Some of the layouts I found were:
ł t s k j f . e u '
r c n w m , z a o i
l d b p g ż * ę y h
Sfb: 1.116%
Dsfb: 7.935%
Finger Speed: 5.798
[0.382, 0.543, 0.806, 1.507, 0.578, 0.602, 0.734, 0.646]
Scissors: 0.291%
Inrolls: 23.094%
Outrolls: 23.163%
Total Rolls: 46.258%
Onehands: 1.086%
Alternates: 35.394%
Alternates (sfs): 9.812%
Total Alternates: 45.206%
Redirects: 3.277%
Bad Redirects: 0.182%
Total Redirects: 3.459%
Bad Sfbs: 0.541%,
Sft: 0.011%
This rcnw
variant, which besides the relatively wonky left pinky seems pretty amazing. Both high rolls and high alternation with very low redirects, but it's got relatively high finger speed. As far as I've seen though, it appears to be very difficult to suppress that much further.
ż t r w p f . e y '
s c n k m l z a o i
g d ł b j , * ę u h
Sfb: 1.025%
Dsfb: 8.153%
Finger Speed: 5.631
[0.261, 0.543, 0.433, 1.581, 0.831, 0.602, 0.734, 0.646]
Scissors: 0.541%
Inrolls: 26.256%
Outrolls: 21.175%
Total Rolls: 47.431%
Onehands: 1.155%
Alternates: 33.333%
Alternates (sfs): 9.484%
Total Alternates: 42.817%
Redirects: 4.611%
Bad Redirects: 0.244%
Total Redirects: 4.855%
Bad Sfbs: 0.477%,
Sft: 0.012%
This scnk
variant, which has slightly higher scissors but less sfbs, and should be another sound option. It does have g
on the bottom row however, which is the case because gd
occurs around 0.06%. You could probably move g
to top row and be completely fine though.
Any thoughts? I might play around with it tomorrow. By the the way, may keyboard layout playground has Polish too now, so you can play around with these (or any other layouts posted here) over there as well. Good luck yall!
Hi. I used your bigram data and layouts, and improved my layout basing on this, while trying to change it as little as possible to don't have to learn new from scratch again :P I also corrected few fingers for pressing keys for more accurate representation of layout. fwyr nowy.txt
@O-X-E-Y is this analyzer only for ortho keyboards?
btw it lacks ó and ź
The analyzer currently only supports 3x10, but the heatmap it uses is made for rowstag so it does optimize for that (angle mod specifically).

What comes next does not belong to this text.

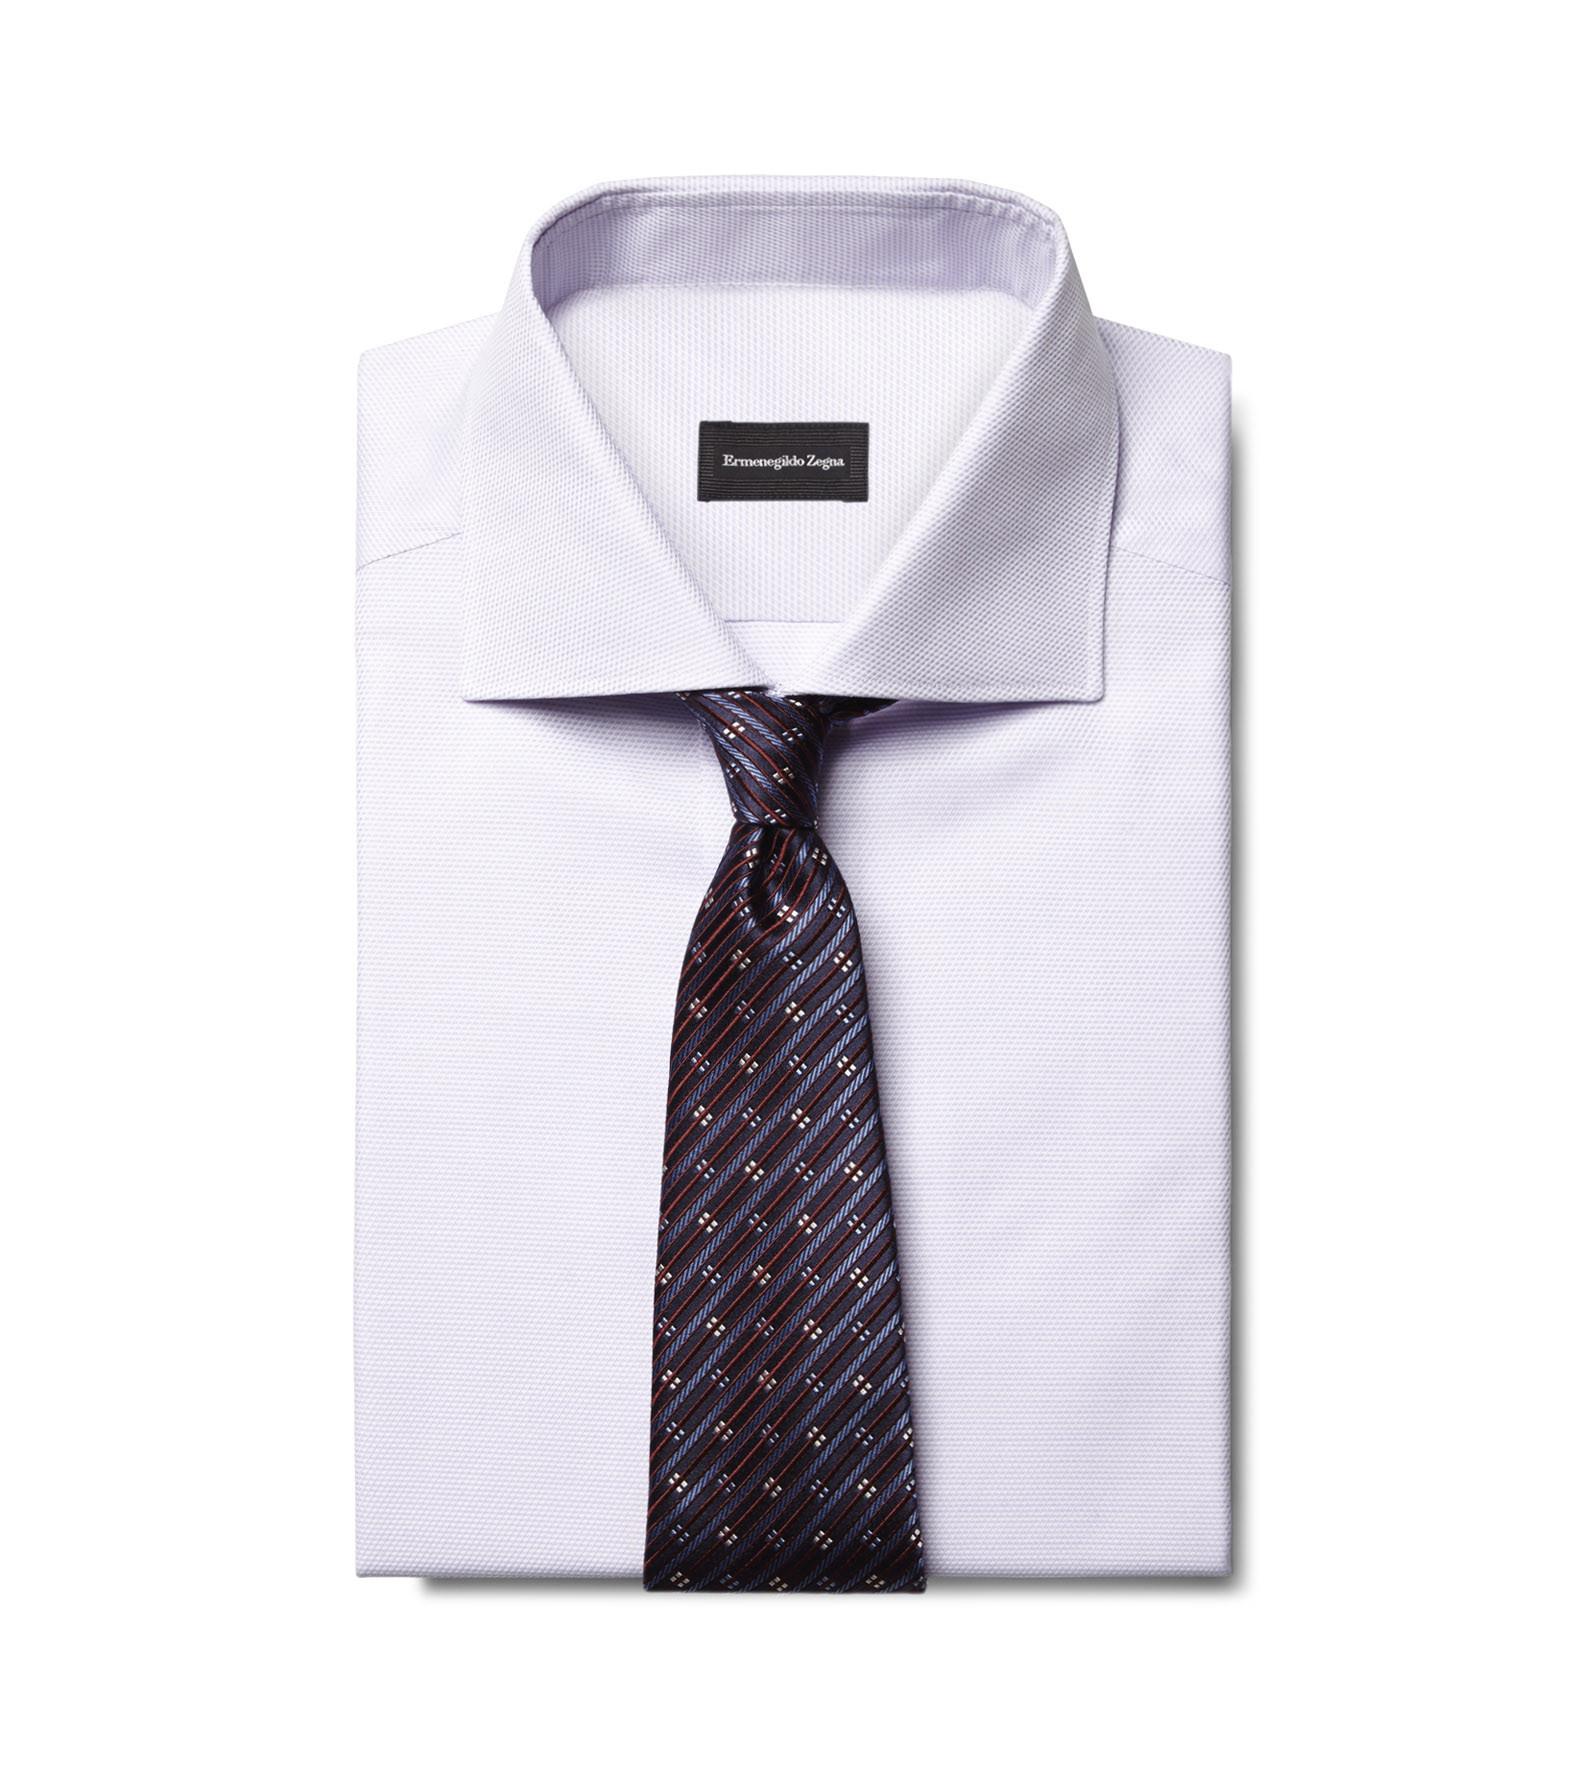 Ermenegildo zegna Blue/Burgundy/White Silk Diamonds Tie in Blue ...

Also ó
and ź
are there, that's what the accent key is for
Pretty nice. Maybe I use one of your layouts? I checked mine and it's just worse so I'm going to start pain of learning again :P I may also check results of your layouts in KLA so we can compare it to Ian's and find which is best.
Ian needs to redo ... the problem is that KLA does not support "magic diacritic keys" like Oxey's analyzer.... only AltGr style.
scnk in KLA scores similar to ian10, so it looks like your layouts are close to ideal. scnk
Just stepping back into this exchange after some time away (Halloween costume complete!). Is there still an interest in running the Engram protocol on excerpts from the Polish corpus to optimize Engram for Polish?
Ian and oxey optimized it close to limit, so if it would take a lot of effort it's not neccesary.
I am wary of standard optimization criteria when it comes to evaluating comfortable rather than efficient typing, but if you are happy with it, that's great!
Is it hard to get engram layout for language like polish? I created my layout based on engram, but maybe it can be further optimized.